Note
Go to the end to download the full example code.
Static structural analysis and optimization using 3D field ROM#
This example shows how PyTwin can be used to perform different types of static structural analysis using 3D field ROM. A static structural model of a dog bone is created with Ansys Mechanical. A fixed support is applied on the right hand side, while a remote force is supplied on the left hand side. A non-linear structural analysis with plastic material behavior (using steel) is performed to compute the resulting stress field and associated displacement. A static ROM has been generated out of the original 3D model, so that the resulting Twin model can be evaluated using PyTwin, giving the possibilities to evaluate multiple configurations and operating conditions quickly, while keeping predictions accuracy similar to original 3D FEA model. The PyTwin worklow illustrates different APIs usage to evaluate the models at different conditions, visualize 3D detailed field results, as well as performing optimization and inverse problems.
# sphinx_gallery_thumbnail_path = '_static/TBROM_FEA_static_structural_optimization.png'
Note
This example uses similar functionalities and requirements as 3D field ROM example with FEA mesh based visualization
Perform required imports#
Perform required imports, which include downloading and importing the input files.
import ansys.dpf.core as dpf
import matplotlib.pyplot as plt
import numpy as np
import pandas as pd
from pytwin import TwinModel, download_file
import pyvista as pv
from scipy.optimize import minimize
twin_file = download_file("TwinDogBone.twin", "twin_files", force_download=True)
fea_file = download_file("TwinDogBone.rst", "other_files", force_download=True)

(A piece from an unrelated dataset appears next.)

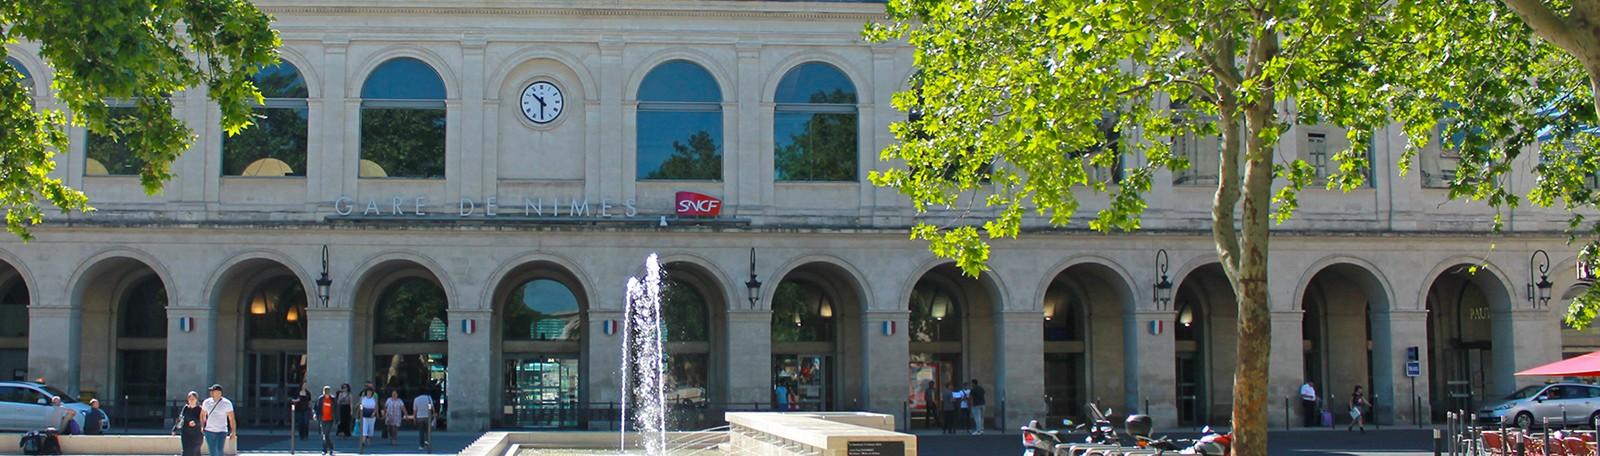 Parking Q-Park Gare Feuchères - Nimes

Definition of the force values for which the model will be evaluated#
Define the force range and step size and create a simple design of experiments with uniformly space values.
applied_force_min = 10.0
applied_force_max = 920.0
step = 5.0
design_points = np.linspace(
start=applied_force_min, stop=applied_force_max, num=int((applied_force_max - applied_force_min) / step + 1)
)
Load the twin runtime and generate displacement and stress results for different forces applied.#
Load the twin runtime, initialize and extract ROM related information.
print("Initializing the Twin")
twin_model = TwinModel(twin_file)
input_name = list(twin_model.inputs.keys())[0]
results = []
for dp in design_points:
dp_input = {input_name: dp}
twin_model.initialize_evaluation(inputs=dp_input)
outputs = [dp]
for item in twin_model.outputs:
outputs.append(twin_model.outputs[item])
results.append(outputs)
if dp % 10 * step == 0.0:
print("Simulating the model with input {}".format(dp))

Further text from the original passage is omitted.